Issue d’une famille aisée, Elizabeth Miller, connue sous le prénom de Lee, est initiée à la photographie par son père. Après un séjour de quelques mois à Paris en 1925, où elle complète sa formation artistique et culturelle, elle étudie la peinture et le dessin à New York, et entame une carrière de mannequin pour Vogue. De retour à Paris en 1929, elle devient l’assistante du photographe américain Man Ray. Mannequin pour ses commandes, elle pose également pour ses expériences photographiques – solarisations, « rayogrammes », décadrages et jeux de lumière.

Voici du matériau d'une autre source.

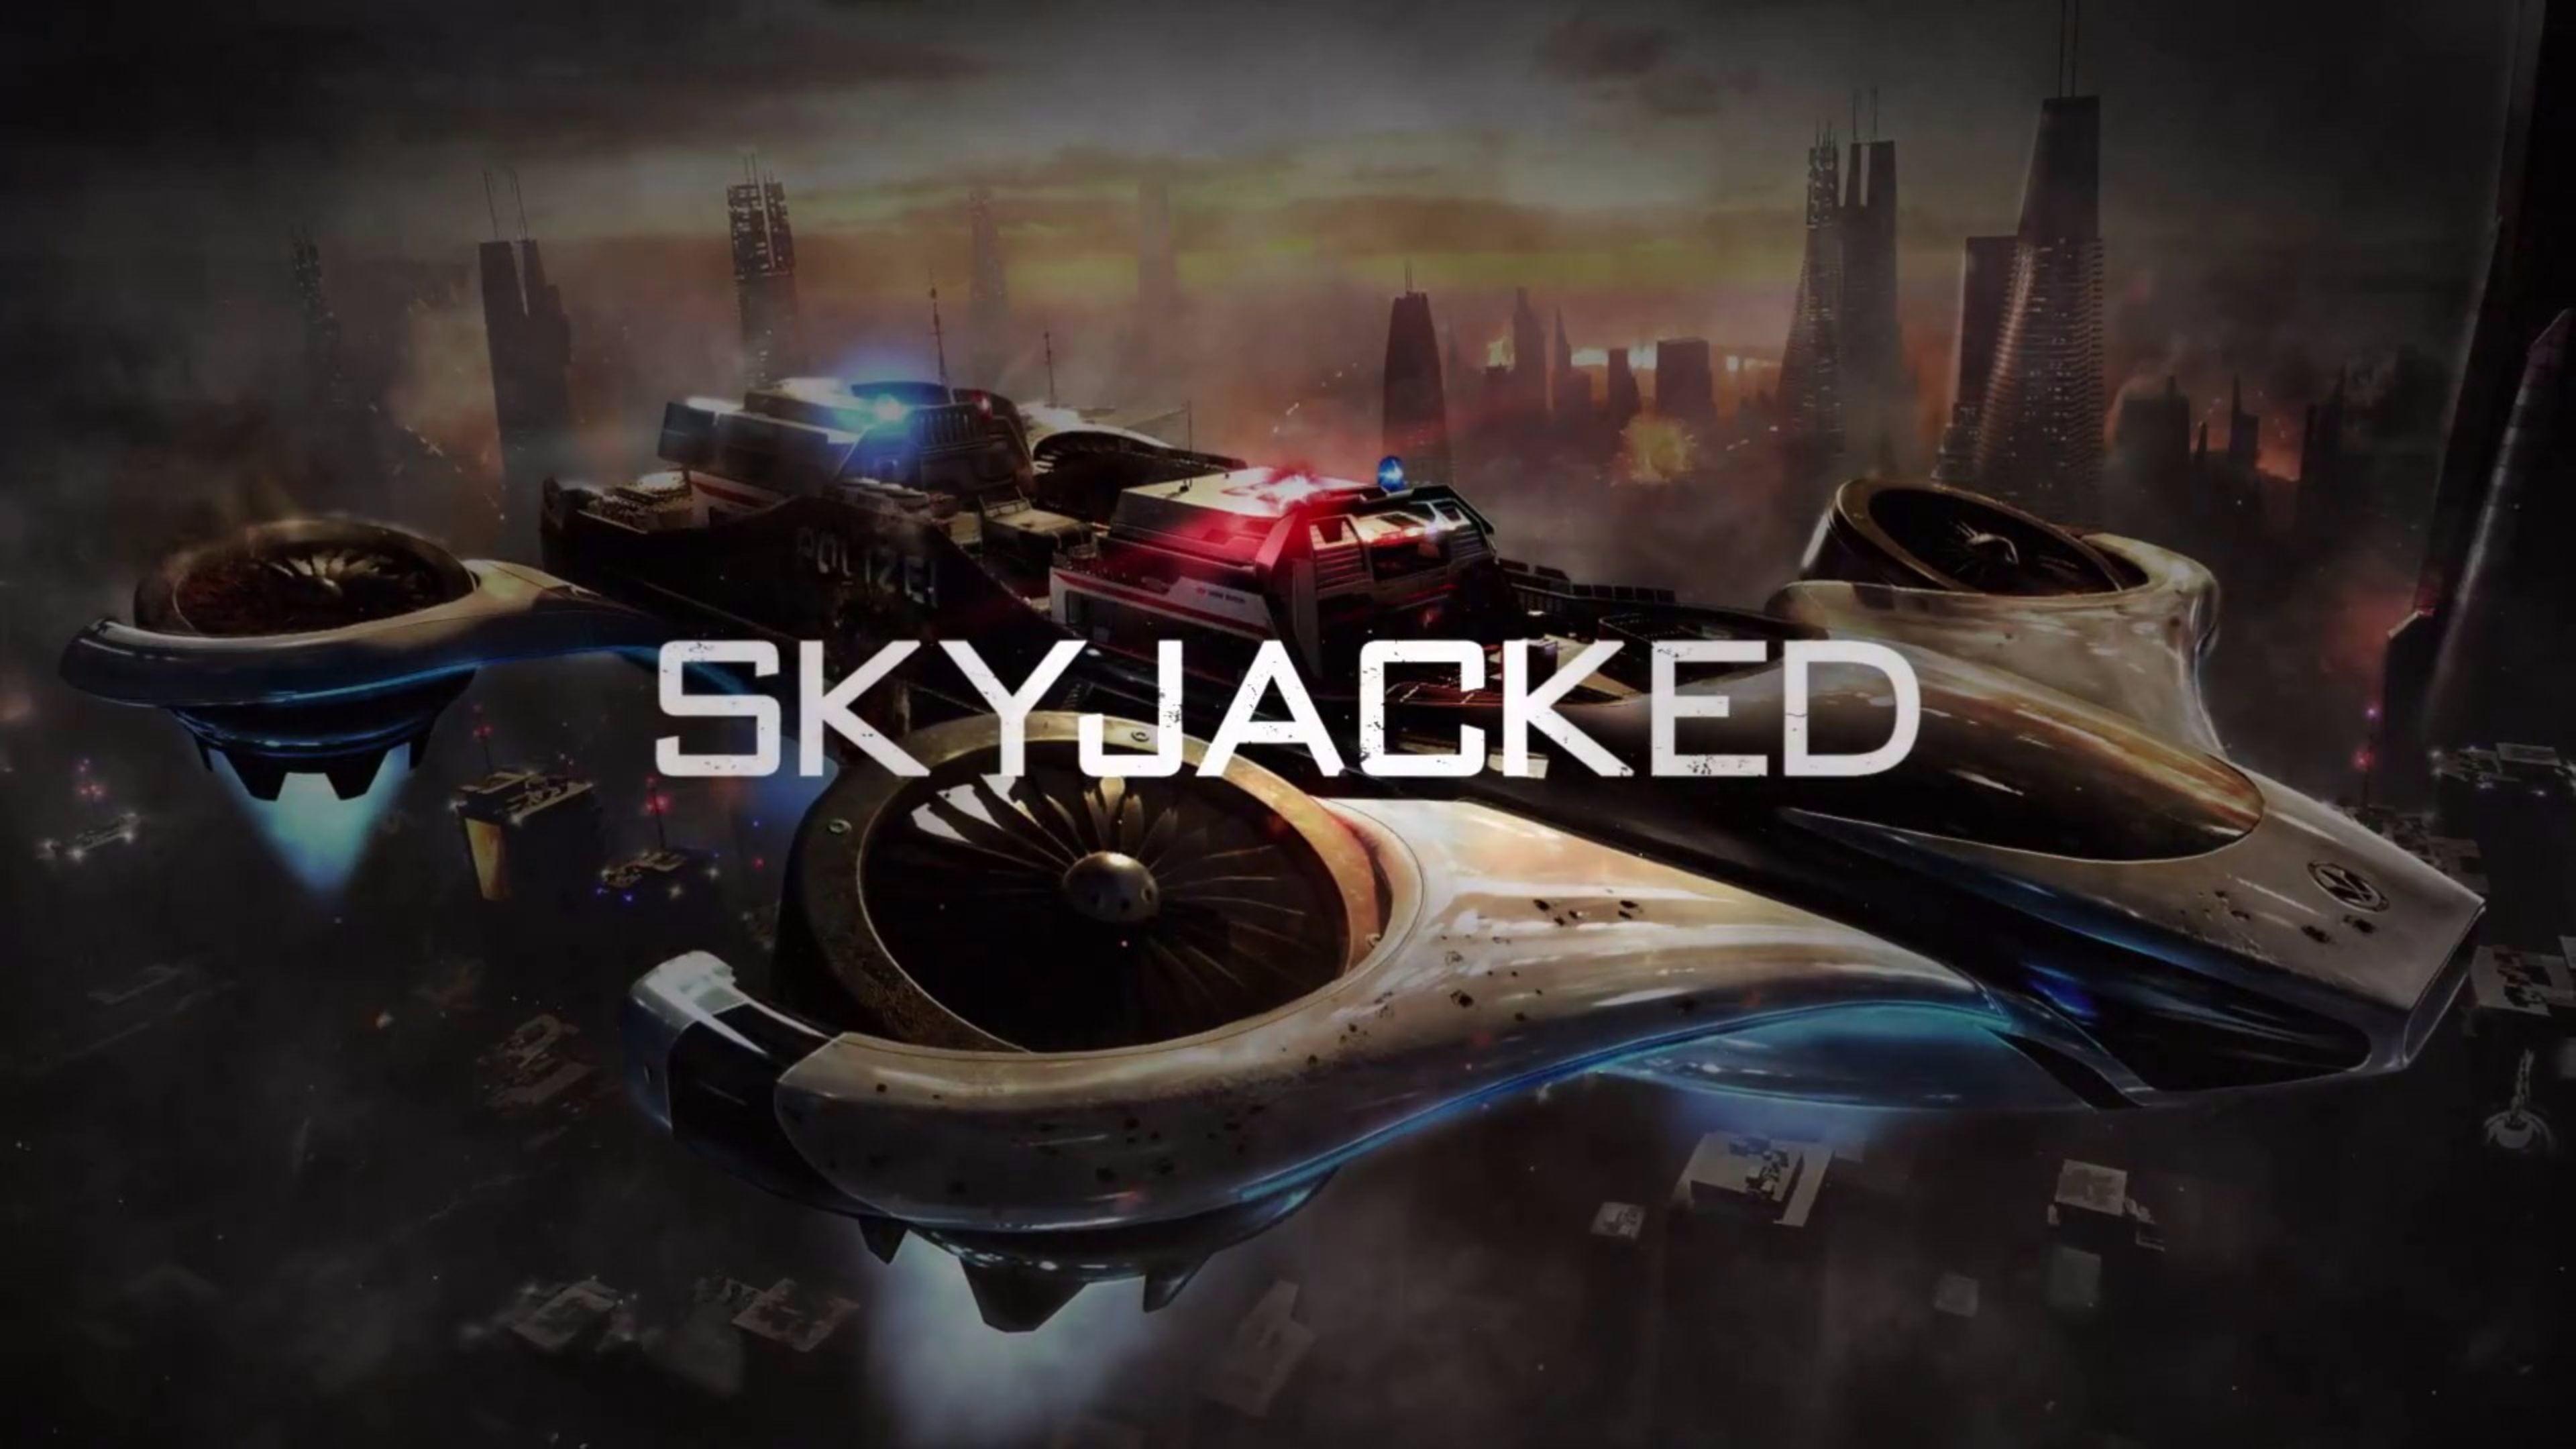 Skyjacked 2016 Call of Duty Black Ops 3 4K Wallpaper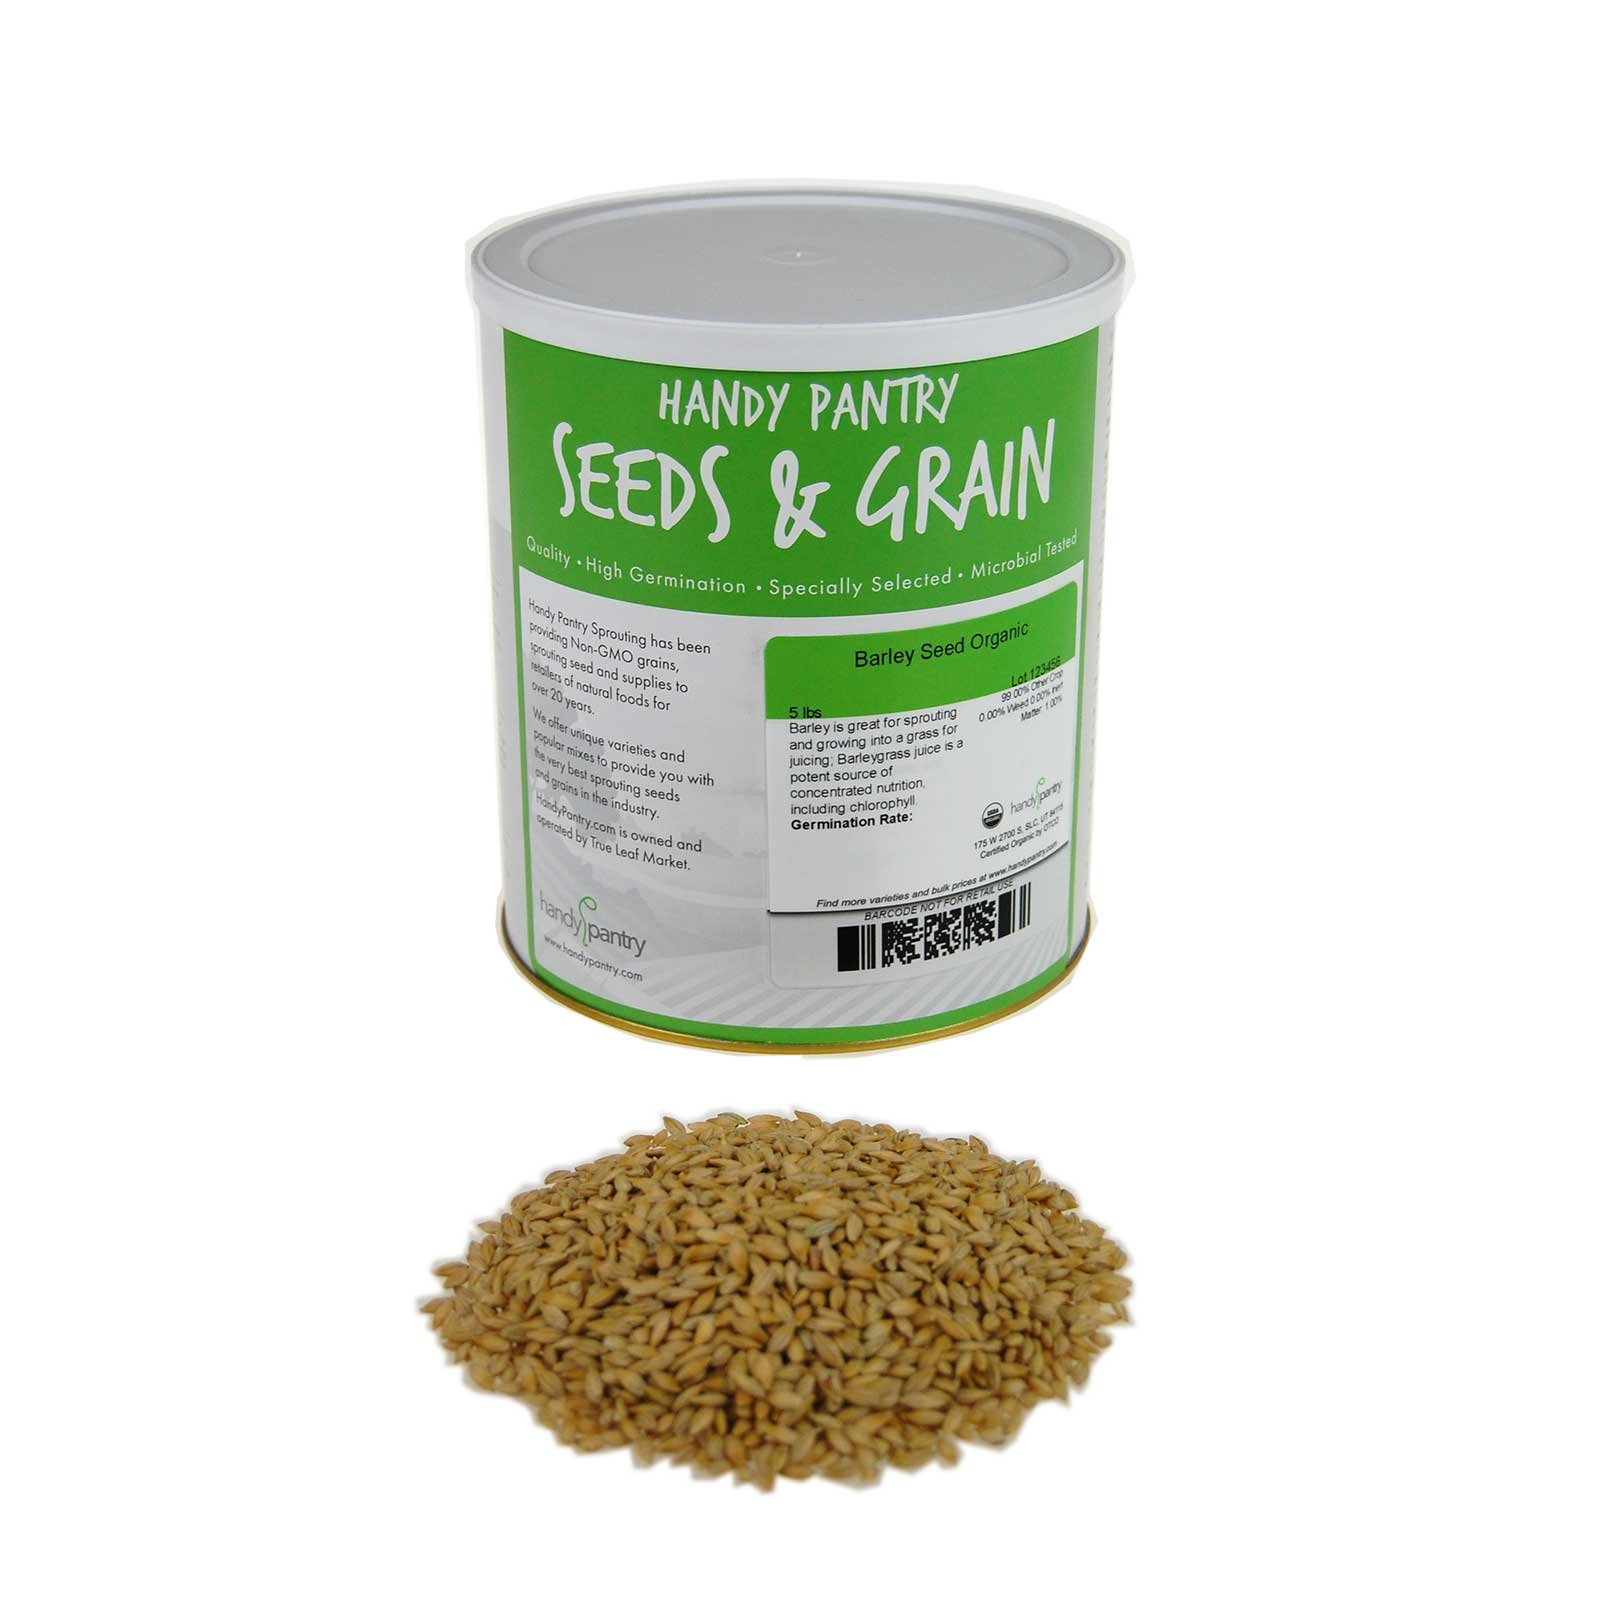 Organic Barley Seeds -4.5 Lbs - Whole (Hull Intact) Barleygrass Seed - Ornamental Barley Grass, Juicing - Grain for Beer Making, Emergency Food Storage & More by Handy Pantry (Image #1)

Par ailleurs, elle se forme aux techniques de prises de vue et aux manipulations lumineuses. En 1931, elle travaille en commun avec Man Ray sur l’album publicitaire Électricité commandé par la Compagnie parisienne de distribution de l’électricité. Ce portfolio imprimé en héliogravure et constitué de dix « rayogrammes » est considéré aujourd’hui comme l’un des ouvrages emblématiques du surréalisme. En 1932, elle tient l’un des premiers rôles dans le film de Jean Cocteau Le Sang d’un poète. La photographe commence ensuite à publier ses propres photographies : des images de mode modernistes aux contrastes lumineux prononcés et des compositions empreintes d’une esthétique surréaliste – associations d’objets insolites, compositions abstraites, morceaux d’anatomie isolés, mannequins, vitrines, manèges de chevaux de bois. Elle poursuit par ailleurs sa carrière de modèle auprès du Vogue français en posant notamment pour George Hoyningen-Huené.
En 1932, elle retourne à New York, où elle fonde son propre studio qui acquiert rapidement une certaine notoriété. Ses clients sont des agences de publicité, des marques de mode, de parfums et de cosmétiques, des maisons de production cinématographiques et théâtrales. Ses photographies en noir et blanc s’apparentent aux images modernistes du mouvement de la Nouvelle Vision, son activité commerciale ne la coupant nullement des milieux artistiques d’avant-garde. Le galeriste Julien Levy présente une sélection de ses portraits au cours de deux expositions collectives en 1932, puis organise sa première exposition individuelle, composée de vues d’architecture, de natures mortes et de portraits, en 1933. Entre 1934 et 1939, elle réside au Caire avec son mari, Aziz Eloui Bey, haut fonctionnaire égyptien. Puis elle revient en Europe, où elle vit avec l’artiste anglais Roland Penrose, membre du mouvement surréaliste et proche de Paul Éluard et de Pablo Picasso.
Pendant la Seconde Guerre mondiale, elle demeure à Londres, publiant différents articles accompagnés de clichés dans le Vogue britannique, dont elle devient l’un des photographes principaux. Les photographies de mode côtoient des vues documentaires, des portraits et des images de la vie quotidienne sous le Blitz. En 1941, elle publie un ouvrage sur les scènes insolites causées par les bombardements ; dans un esprit surréaliste, Grim Glory: Pictures of Britain under Fire (« Une gloire grimaçante, images de la Grande-Bretagne sous le feu », édité par Ernestine Carter) réunit des tirages de mannequins abandonnés dans la rue, de machines à écrire écrasées, de statues couvertes de gravats. Accréditée comme correspondante de guerre officielle de l’armée américaine pour Vogue Grande-Bretagne en 1942, elle parvient à se rendre sur le front. Ses reportages illustrent différentes réalités, tant les activités d’un hôpital militaire en Normandie que des scènes de rue en Allemagne. En 1945, elle photographie les camps de Buchenwald et de Dachau, témoignant ainsi des horreurs du régime nazi. Après la guerre, elle poursuit sa collaboration avec Vogue quelques années durant en tant que photographe de mode et de portraits. Puis elle se consacre exclusivement à l’écriture : des articles et des biographies d’artistes qu’elle cosigne avec R. Penrose. Passant avec courage du surréalisme et de la photographie de mode au photojournalisme le plus exigeant, L. Miller n’a bénéficié que d’une reconnaissance institutionnelle tardive. Comme Tina Modotti, l’épouse d’Edward Weston, comme Dora Maar, la compagne de P. Picasso, elle a appartenu à cette génération de femmes de l’entre-deux-guerres qui, pour avoir été les muses ou les épouses d’artistes célèbres, ont été reléguées au second rang, sans qu’on daigne, avant longtemps, prendre en considération leur œuvre personnelle.